Figure 10 shows the watermark detection accuracy for different schemes under the real channel interference. The horizontal axis denotes the number of the watermarked intervals and the vertical axis denotes the watermark detection accuracy. The watermarking parameters for the three NFW schemes are the same as those used in the above robustness evaluation experiments under AWGN. To evaluate the watermark detection performance with different number of the watermarked intervals, we repeatedly encode the same watermark bit into single flow before we replay the watermarked flow; the detection results are obtained using average decision value. Each point in Figure 10 is obtained using the average of all replayed flows.

**(a) Traffic A: CAIDA**

**(b) Traffic B: Google Chrome Remote Desktop**

As shown in Figure 10(a), the robustness of IBW is still better than that of the proposed scheme and ICBW for* Traffic A*. All the three NFW schemes perform a strong robustness under the real channel interference, and the watermark detection accuracy will rise when the number of the watermarked intervals increases.
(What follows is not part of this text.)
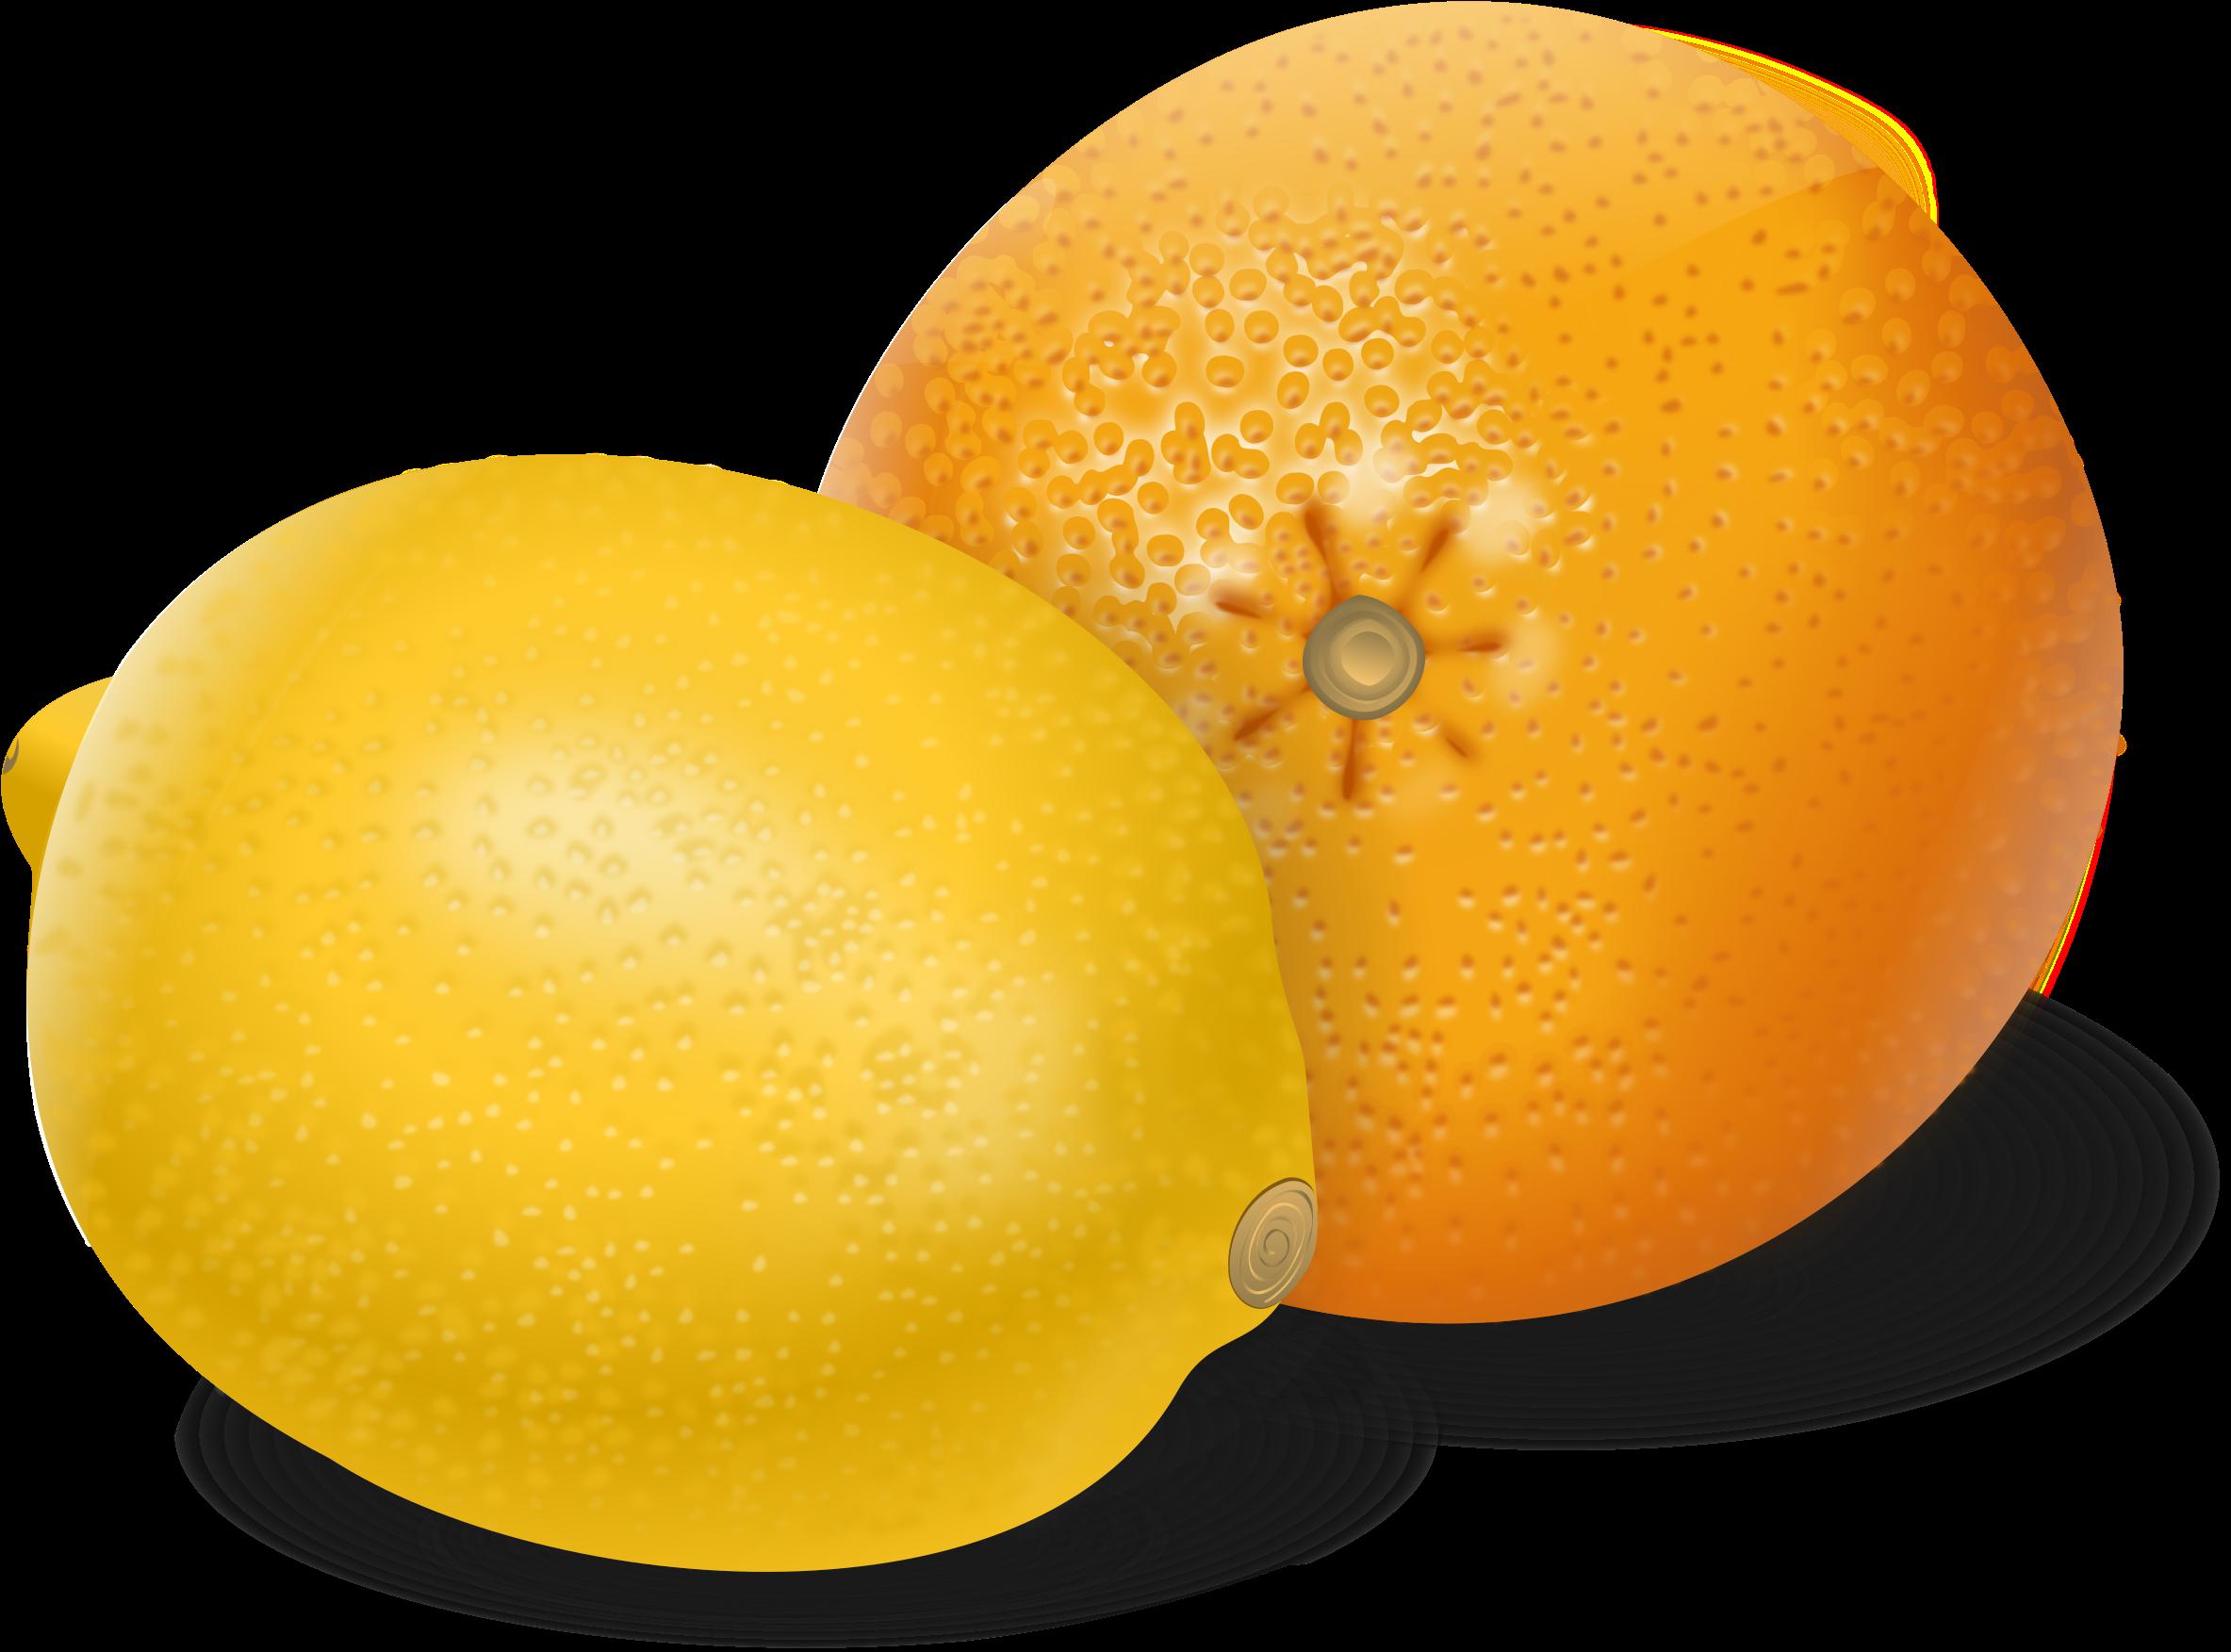 Lemons clipart orange. Hd image oranges and

When we use minimal number of intervals, the watermark detection accuracy of the proposed scheme and ICBW is about 0.95, whereas that of IBW is 0.99. For* Traffic B*, the results in Figure 10(b) show that the watermark detection accuracy of the proposed scheme can achieve 0.98 when we use minimal number of intervals. From Figure 10 we can find that the proposed scheme is robust to the real channel interference.

#### 5. Conclusion and Future Work

In this paper, we have proposed a robust and highly invisible NFW scheme that not only can resist MFA test but also has no statistical distortion under KLD test and K-S test. The watermark bits are encoded into the centroid of randomly chosen intervals using centroid expansion quantization. One of the key contributions of this study is that we propose an insider swapping algorithm which can make a centroid shift by swapping very limit number of IPD pairs in each watermarked interval. The underlying idea of the proposed scheme is to reduce the statistical distortion caused by watermark encoding through two strategies: the first is reducing the expected centroid shift for each interval using centroid expansion quantization, and the other is keeping the distribution of IPDs unchanged by swapping IPDs in the same interval. Using experiments with real traffic and public dataset we have demonstrated the effectiveness of the proposed NFW scheme with respect to invisibility and robustness.

The main drawback of the proposed NFW scheme is its inherent interference in the centroid quantization and the insider swapping. Besides the decoding error resulting from the compensative quantization strategy, the gap between the actual centroid shift and the target centroid shift is the inevitable obstacle for further improving the robustness. Although the insider swapping algorithm can make the watermarked flow maintain more timing characteristics of the original flow as it only swaps limited number of IPD pairs in each interval, it also introduces additional decoding error as it can only make the actual centroid shift approximate to the target one. This error floor can be eliminated using additional centroid shift strategy besides the insider swapping algorithm, or can be relieved using longer near-orthogonal sequences. In addition, we also need to consider the implementation of the proposed scheme in real-time traffic, which still remains a more challenging work, for example, the construction of the packet buffer. These problems should be addressed in future work.

#### Data Availability

The data used to support the findings of this study are available from the corresponding author upon request.

#### Conflicts of Interest

The authors declare that there are no conflicts of interest regarding the publication of this paper.

#### Acknowledgments

This work was supported by the National Natural Science Foundation of China (Grants Nos. 61602247, 61702235, U1636117, and 61472188), Natural Science Foundation of Jiangsu Province (Grants Nos. BK20150472, BK20160840), CCF-VENUSTECH Foundation (Grant No. 2016011), and Fundamental Research Funds for the Central Universities (30920140121006, 30915012208).